Now, let’s try out this idea and find the vertex of a quadratic from just the quadratic formula.

Example 1:

Suppose \(f(x) = 5x^2 + 4x – 3\). Use the quadratic formula to identify the entire vertex of the function, and then verify the answer using the standard method.

Solution: The quadratic formula for this function is
x = \frac{-4 \pm \sqrt{4^2 – 4(5)(-3)}}{2(5)} = \frac{-4\pm \sqrt{76}}{10}.

The discriminant for this function is \(\color{red}{D = 76}\). So, the vertex should be at

\mbox{Vertex: } \left(\color{blue}{-\frac b {2a}}, \color{red}{-\frac D {4a}}\right) = \left(-\frac 4 {10}, -\frac{\color{red}{76}}{20}\right) = \left(-\frac 2 5, -\frac{19} 5\right).

Let’s double check our \(y\)-coordinate by using the standard method (plugging \(x = -\frac b {2a} = -\frac 2 5\) into the original function).

f\left(\color{blue}{-\frac 2 5}\right)
& = 5\left(\color{blue}{-\frac 2 5}\right)^2 + 4\left(\color{blue}{-\frac 2 5}\right) – 3 && \mbox{Plugging in the \(x\)-value.}\\[6pt]
& = 5\left(\frac 4 {25}\right) – \frac 8 5 – \frac 3 1 && \mbox{Simplifying.}\\[6pt]
& = \frac 4 5 – \frac 8 5 – \frac{15} 5\\[6pt]
& = \frac{-19} 5 && \mbox{\(y\)-value of the vertex.}


Example 2

Let’s try another example.
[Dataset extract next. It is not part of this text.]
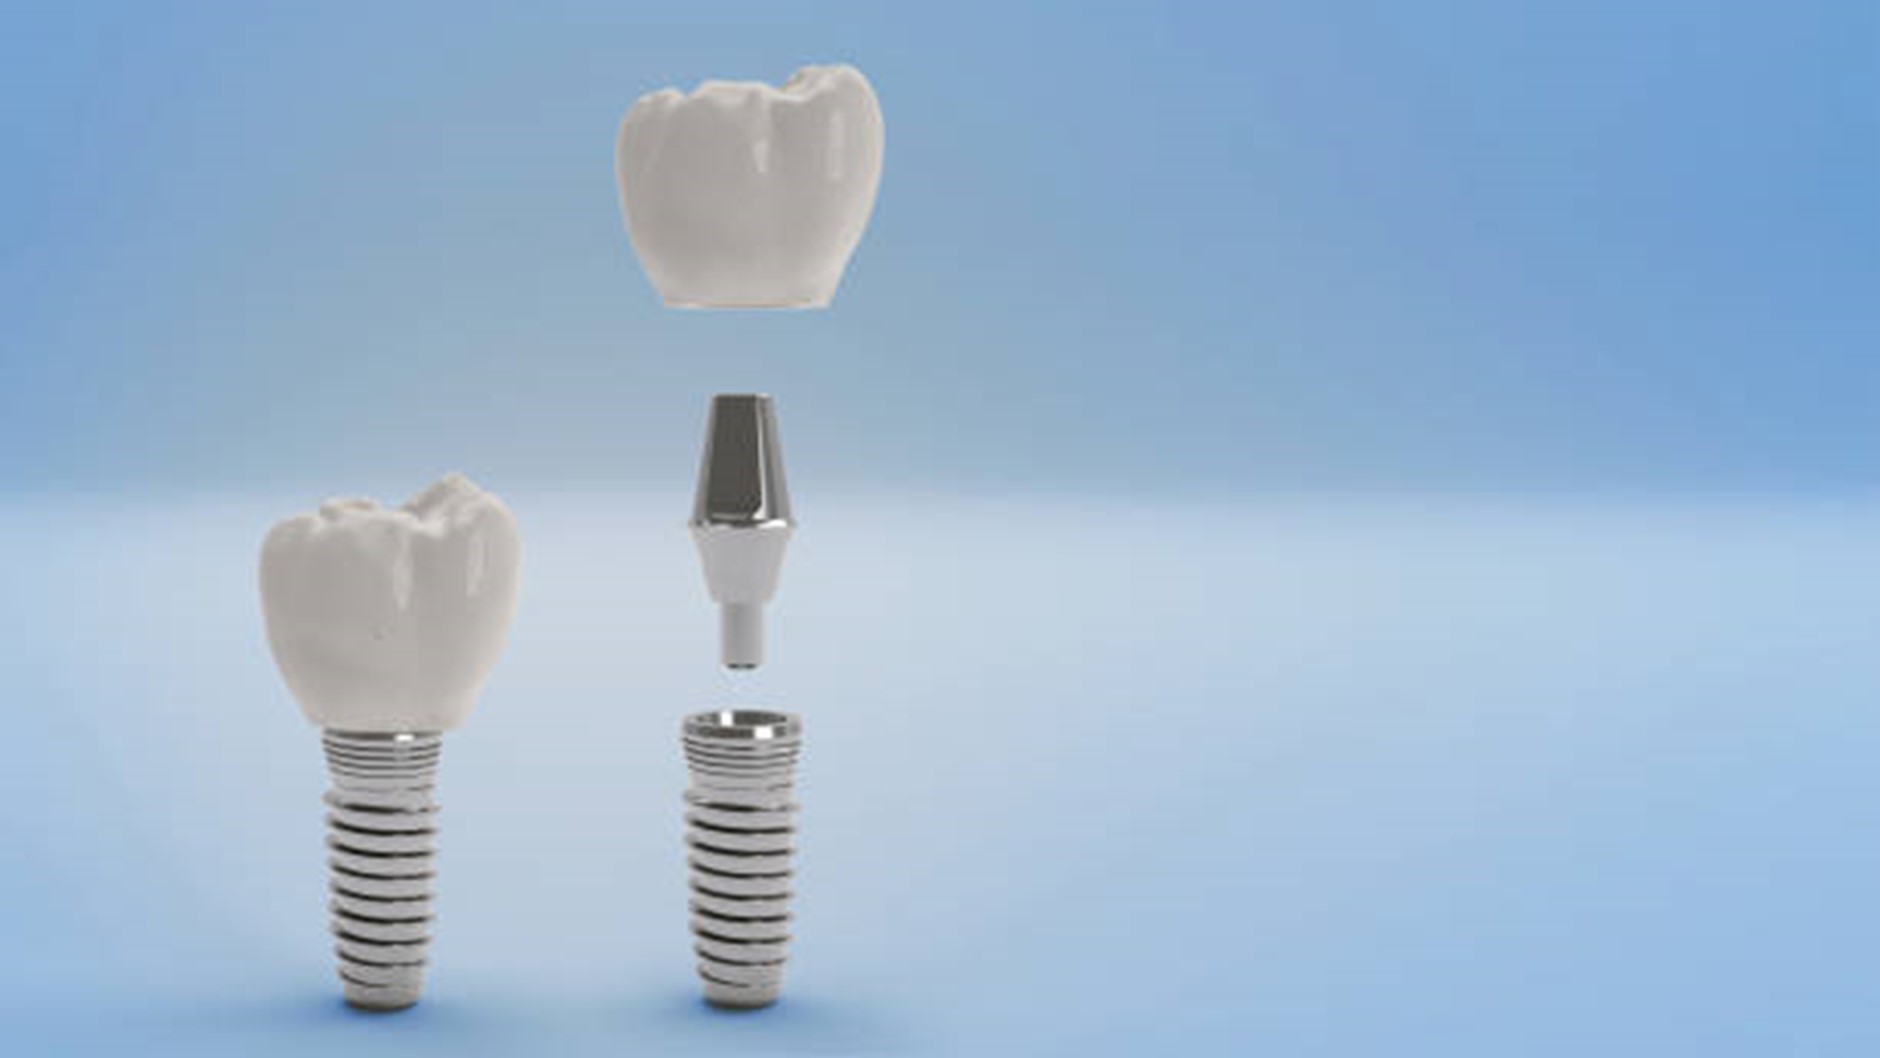 10 Lesser-Known Facts About Dental Implants

Suppose \(f(x) = -2x^2 +12x -25\). Identify the vertex using the quadratic formula, and verify the answer with the standard method.

Solution: The quadratic formula for this function is

x = \frac{-12 \pm\sqrt{(-12)^2-4(-2)(-25)}}{2(-2)} = \frac{\color{blue}{-12} \pm\sqrt{\color{red}{-56}}}{-4}

The vertex should be \(\displaystyle \left(\frac{\color{blue}{-12}}{-4}, -\frac{\color{red}{-56}}{-8}\right) = \left(3, -7\right)\).  Let’s verify the result. Using the standard method, we evaluate \(f(3)\).

f(\color{blue} 3) & = -2(\color{blue} 3)^2 + 12(\color{blue} 3) – 25\\[6pt]
& = -2(9) + 36 – 25\\
& = -18 + 11\\
& = -7

Again, we see the method works.

However, the savvy math student will immediately ask, “Does it work every time? Or was there something `special’ or `unusual’ about these particular quadratic functions?”


Does it Always Work?

This is an important question. In order to claim something is valid in mathematics, we have to do more than look at a few examples. We have to prove its validity. So, without further ado, here is the proof of this technique.

Given: The \(x\)-coordinate of the vertex of a quadratic function is \(x = -\frac b {2a}\).

Show: The \(y\)-coordinate of the vertex of a quadratic function is \(y = -\frac D {2a}\), where \(D\) is the discriminant of the function.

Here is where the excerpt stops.